No one involved in performanc­e reviews likes the process. Managers consider them time-consuming distractio­ns from their actual work, surveys have found.

They also have trouble distilling how employees performed all year long into one annual meeting and end up giving sub-par workers the same raises and bonuses as stellar ones.

Many companies have done away with the yearly check-in and numerical rankings and switched to giving employees more regular feedback.

But that doesn’t get at the crux of the problem: people are awful at both giving and getting criticism.

“The No. 1 source of anxiety that I hear is fear about it getting emotional, or somebody getting defensive,” says Deborah Riegel, the director of learning at the Boda Group, an executive coaching firm.

“It takes an emotional toll to deal with the messiness of everything from defensiven­ess, anger, weeping, and passive-aggressive agreement. That’s a lot to deal with.

“A lot of folks have performanc­e-feedback distortion,” says Riegel. “They go: ‘This must mean I’m a terrible person. Who are you to tell me this? You’re not so great, either.”’ Not only do people dislike constructi­ve criticism, but it can also hinder performanc­e, one study has found: anything an employee perceives as negative resonates more than anything else, and anything useful is forgotten.

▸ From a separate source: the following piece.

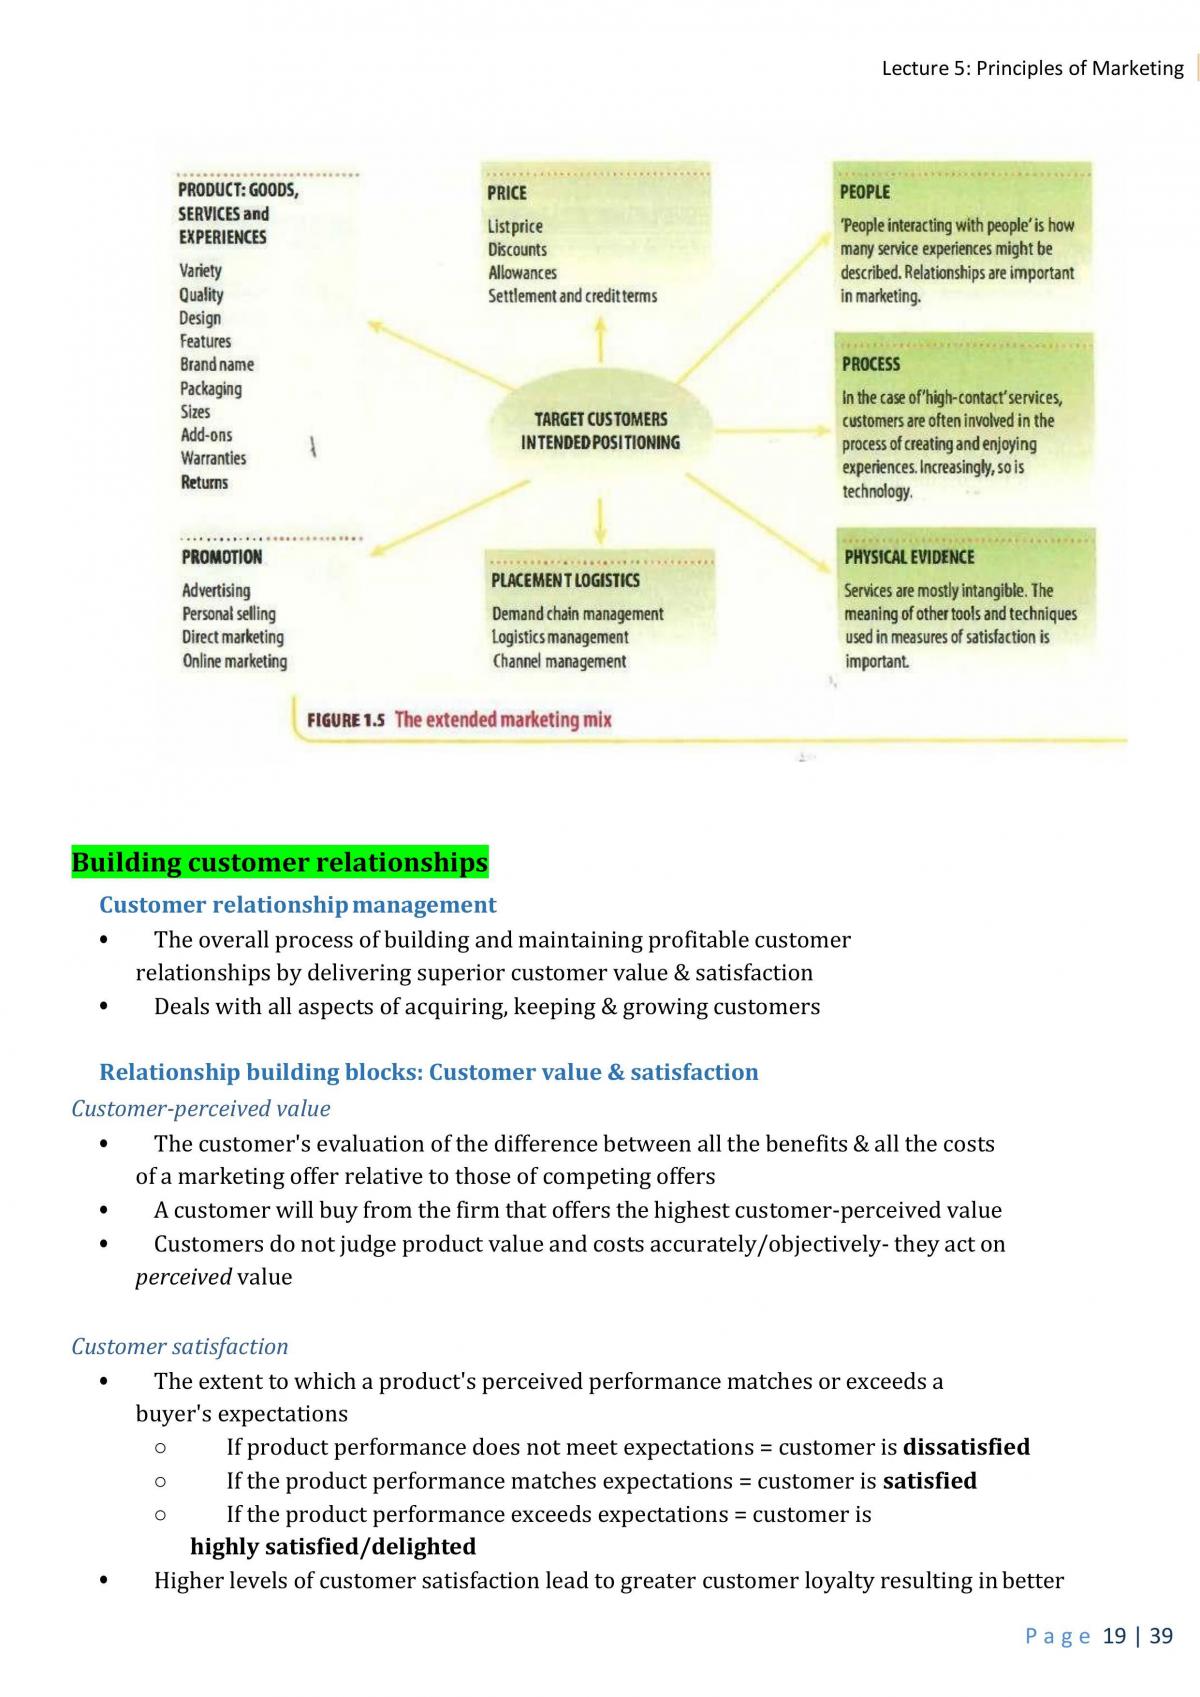 Business and Enterprise 2 Full Modules Notes - Page 19
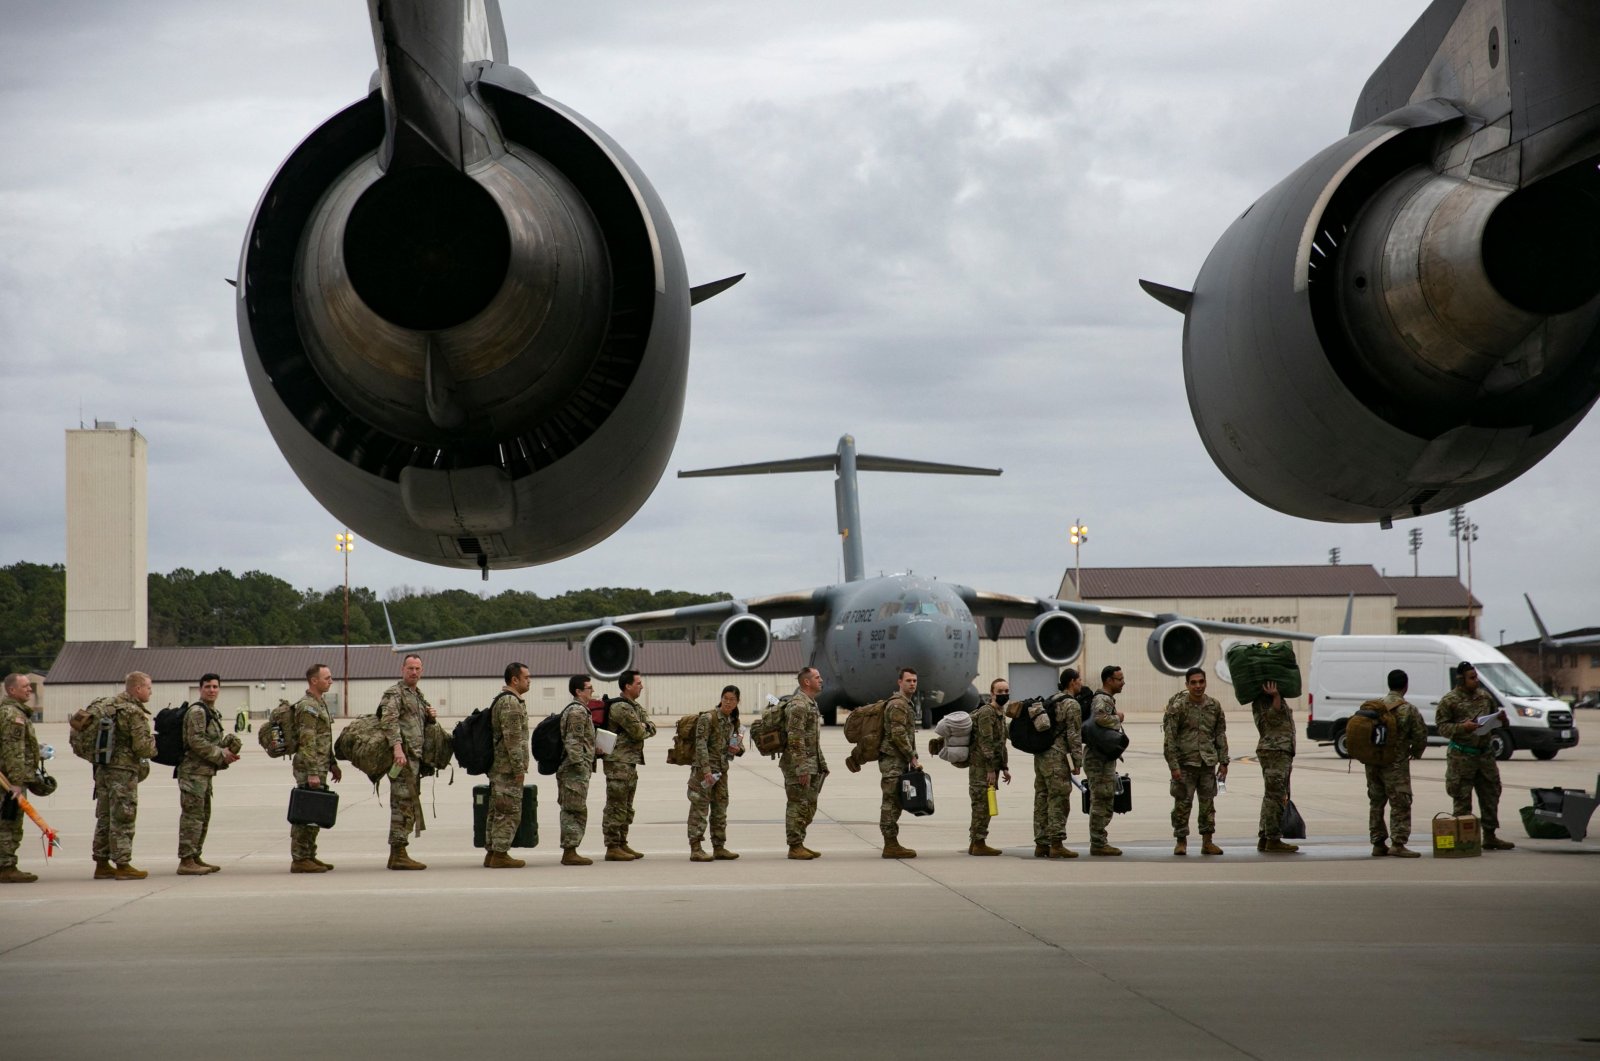 U.S. troops deploy for Europe from Pope Army Airfield at Fort Bragg, North Carolina, U.S., Feb. 3, 2022. (AFP Photo)

There are a few things employees, managers, and companies can do to minimise the tears when the dreaded annual ritual rolls around.

For managers, Riegel suggests offering more positive feedback, starting with boosting their praise-tocriticis­m ratio from 2-to-1 to 5-to-1.

Giving feedback more regularly can also help soften the blow.

As for employees, Riegel suggests they try to “listen without defensiven­ess” and not take their reviews personally.

“A piece of negative feedback doesn’t have to say something about your character, your career possibilit­ies, or your deservedne­ss to live on this earth with other humans,” she says.

As for those companies eschewing annual reviews, the shift hasn’t fixed all the problems with performanc­e reviews. More feedback in smaller doses can still be time-consuming, and employees don’t always find evaluation­s fair. And companies that ditched numerical ratings have seen declines in worker performanc­e.

It can, however, reduce the shock of any criticism, says Adobe executive Donna Morris. “People know where they stand at all times,” she says.